How hard is it to be just a little more careful when handling my bags? There’s no need to treat it like someone you’re angry with (an ex per se) and throw it away. For one, I’m paying extra money to bring this bag so you should be extra gentle with it. If it was free, I might be a little more understanding. Also, can we talk about general respect for people’s property. Like my uncle says ‘Don’t be afraid to treat it like your own’. Ah, the sound of wisdom.

Not to call out any specific airline, but recently I was traveling and had a checked bag so I took it to the counter. I smiled, tried to be friendly and polite with the airline representative through small talk, then gave her my bag. I wish this next part was a joke, but sadly, for the glass items in said luggage, it is not. She took my bag, lifted it onto the luggage belt (wheels down, so it was standing up), took two steps back, drew in a deep breath, moved forward and pushed (with all her strength plus the added weight of her momentum…remember the back-up) my luggage down. The sound of my 35 pound luggage crashing from its perch, ~2 feet tall, all the way down onto that belt turned my stomach. A lot of things shock me, but that took the cake. I just stood there with my mouth open until she looked past me and said ‘Next’ (with a smug smile on her face too).

Seems to me, from the playback above, that I did nothing to provoke that assault on my possessions. Needless to say, my glass souvenirs from the foreign country I was returning from did not fare so well. Was it the push? Was it a bumpy plane ride? Was it the throw from the cargo bay belt onto the cart by the baggage personnel on the tarmac? Hard to say, but I can still see that poor suitcase falling, falling, falling, unnecessarily might I add, to the unforgiving belt and bouncing a bit from the impact. 

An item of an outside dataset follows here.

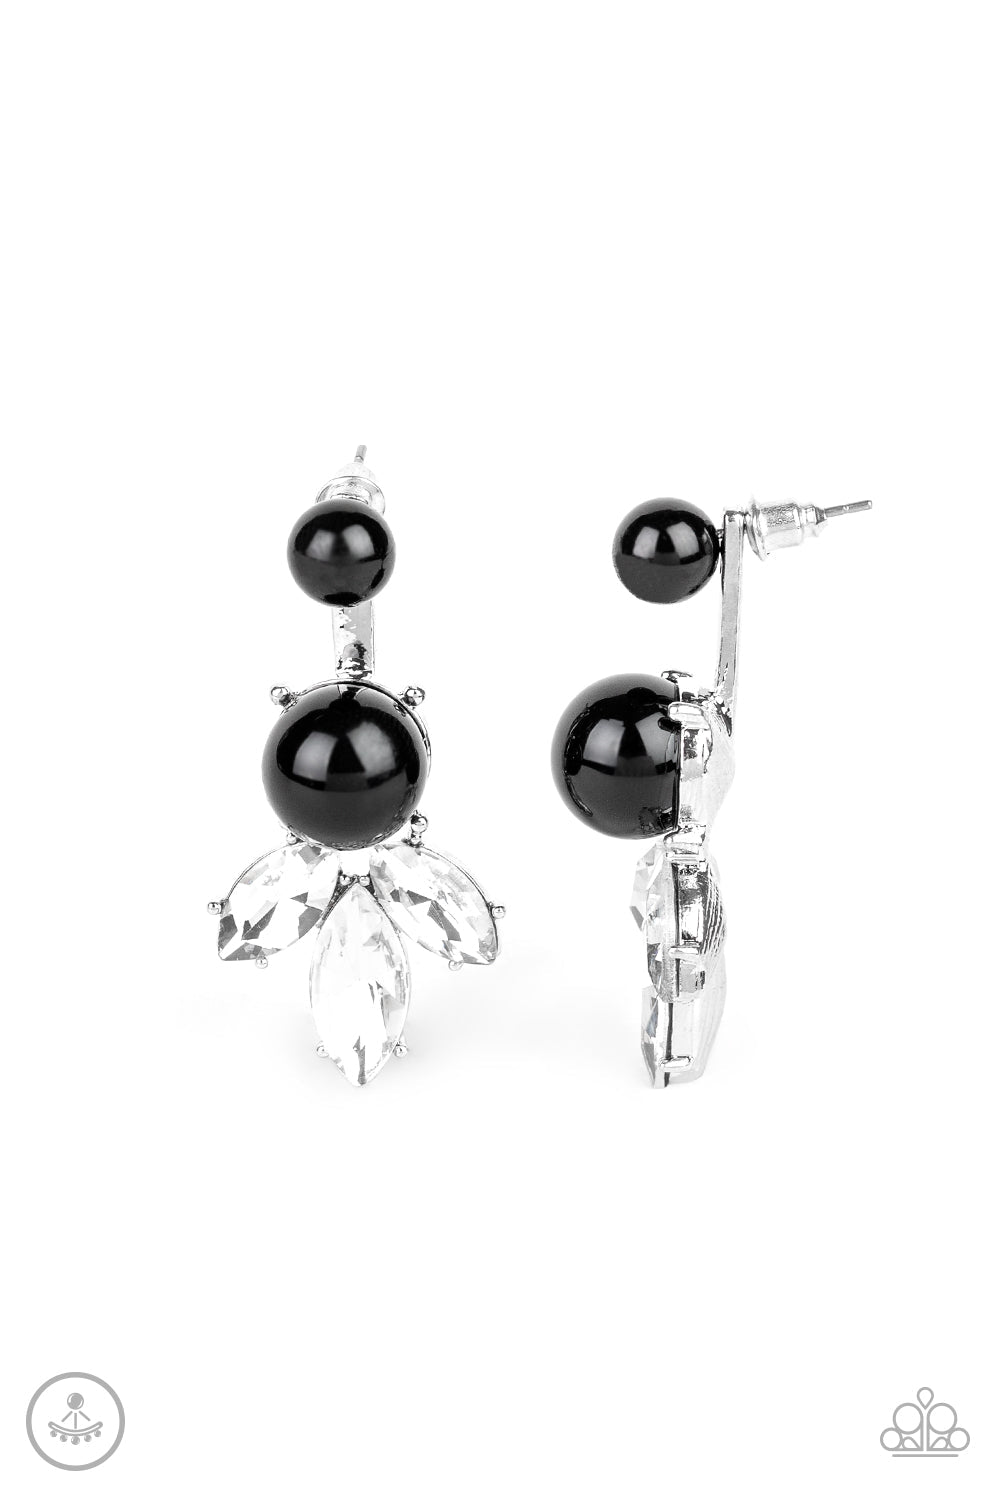 Extra Elite - Black and Silver Fashion Earrings - Paparazzi Accessories - A solitaire black bead attaches to a double-sided post, designed to fasten behind the ear. Infused with an oversized black bead and white rhinestone fringe, the double sided-post peeks out beneath the ear for a glamorous finish. Earring attaches to a standard post fitting fashion earrings.

Why is the whole process of handling bags so cruel? I think for starters, they should start referring to it as bag caring instead of bag handling. You handle something that’s about to blow up in your face. You care for something that has been entrusted to you so it’s returned in the same condition you received it in. Would it be more difficult to set bags on the cart instead of tossing them in? I’m thinking it might actually be easier and less of a workout. Would it be more difficult to set luggage flat on the belt? Also, I’m thinking the answer is an easy no here. Would it be more difficult for luggage companies to make shock absorbent suitcases that prevent injuries to innocent, delicate items from certain impacts? Alright, this is probably more difficult, but someone should look into it. I would do it, but I’m a little busy voicing my concern over the safety of suitcases everywhere.

As a quick recap:

  • Airlines pushed down my luggage
  • Items were hurt in the crossfire
  • I, The Restless Professional, felt massive sadness and shock…in public
  • I, The Restless Professional, care about getting this changed for the greater good of everyone
  • Don’t treat my luggage like your ex – love it like a puppy, or a child, or your car, or your phone, or whatever it is you love
  • If you love nothing, please consult a professional, that doesn’t sound normal

Alright, jumping off my pedestal for now. If you too have experienced this, don’t tell me – I’ve been there, no need to waste time comparing victim stories. Go straight to the source. Thanks for reading!